Wednesday, September 26, 2007

Beneath the Underdog


In honor of the fiftieth anniversary of the forced desegregation of Little Rock Central High this week, I had my students in the writing class I teach for music majors read an excerpt from Charles Mingus’s sui generis memoir, Beneath the Underdog, first published in 1971 (Mingus had memorialized the bigotry of Arkansas Governor Orville Faubus, to whom Louis Armstrong had referred in the press as an “uneducated plow boy,” in his famous tune “Fables of Faubus,” whose snide, insinuating opening riff is recognizable to jazz fans everywhere).

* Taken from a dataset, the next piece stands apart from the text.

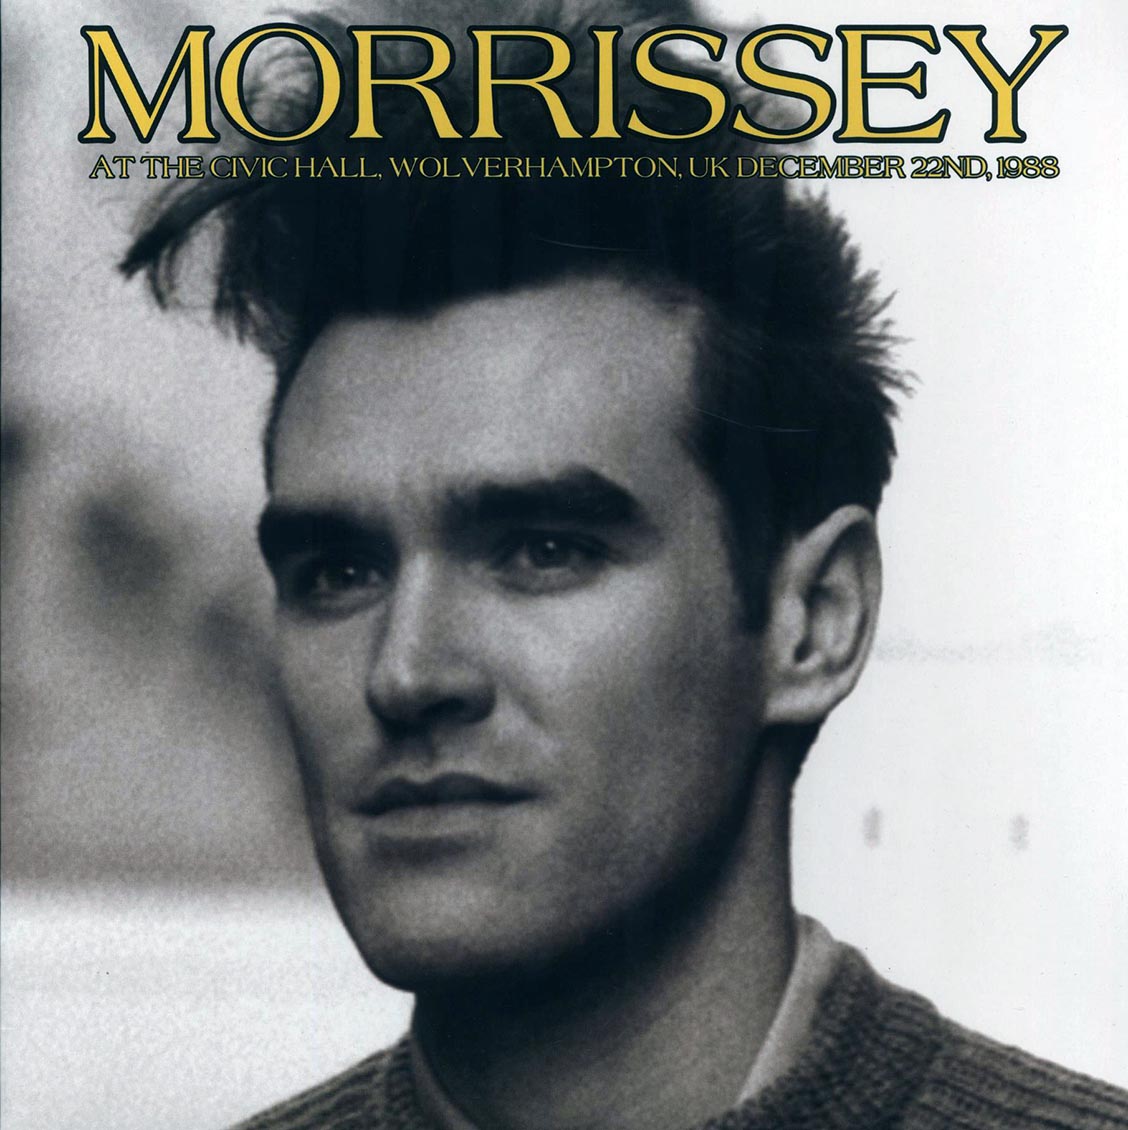 Morrissey - At The Civic Hall, Wolverhampton, UK December 22nd, 1988

It was actually very hard to find an appropriate passage to read in class; the book is indescribably obscene, and is full of exaggerations and outright lies, such as Mingus’s claim that he pimped his wives and girlfriends. I especially wanted the class to read Mingus’s exegesis of his own playing and compositional styles, but couldn’t find anything except a brief excerpt toward the end of the book, in a scene where he’s just been released from Bellevue and is playing a club date. Mingus uses the foil of a British interviewer coming over to his table, where he’s flirting between sets with the woman who will become his umpteenth wife, to expound for a page or so on his musical philosophy of “rotary perception,” an aesthetic borrowed from Eastern spiritual systems and also owing something, no doubt, to his drug use and mental illness. For all of its madness, offensiveness, absurdity, and ultimate disappointment, Beneath the Underdog is one of my favorite books in the whole world, written by a truly erudite and brilliant artist, one of the many in jazz who became victims of their own genius, and of their internalization of racial prejudice. Jazz in the 1940s, 50s, 60s, and 70s devoured its young.

1 comment:

Anonymous said...

Agreed, and as an interesting companion I would recommend Art Pepper's autobiography, "Straight Life." Pepper was the true White Negro, one also tremendously intimidated by black musicians because he was so self-conscious about being a white jazz musician. And he considered himself mainly a junkie and a convict, which he was, rather than a musician. Of course, he is one of the very greatest post-Parker alto player, and the only jazz musician I know who can abrade with a ballad.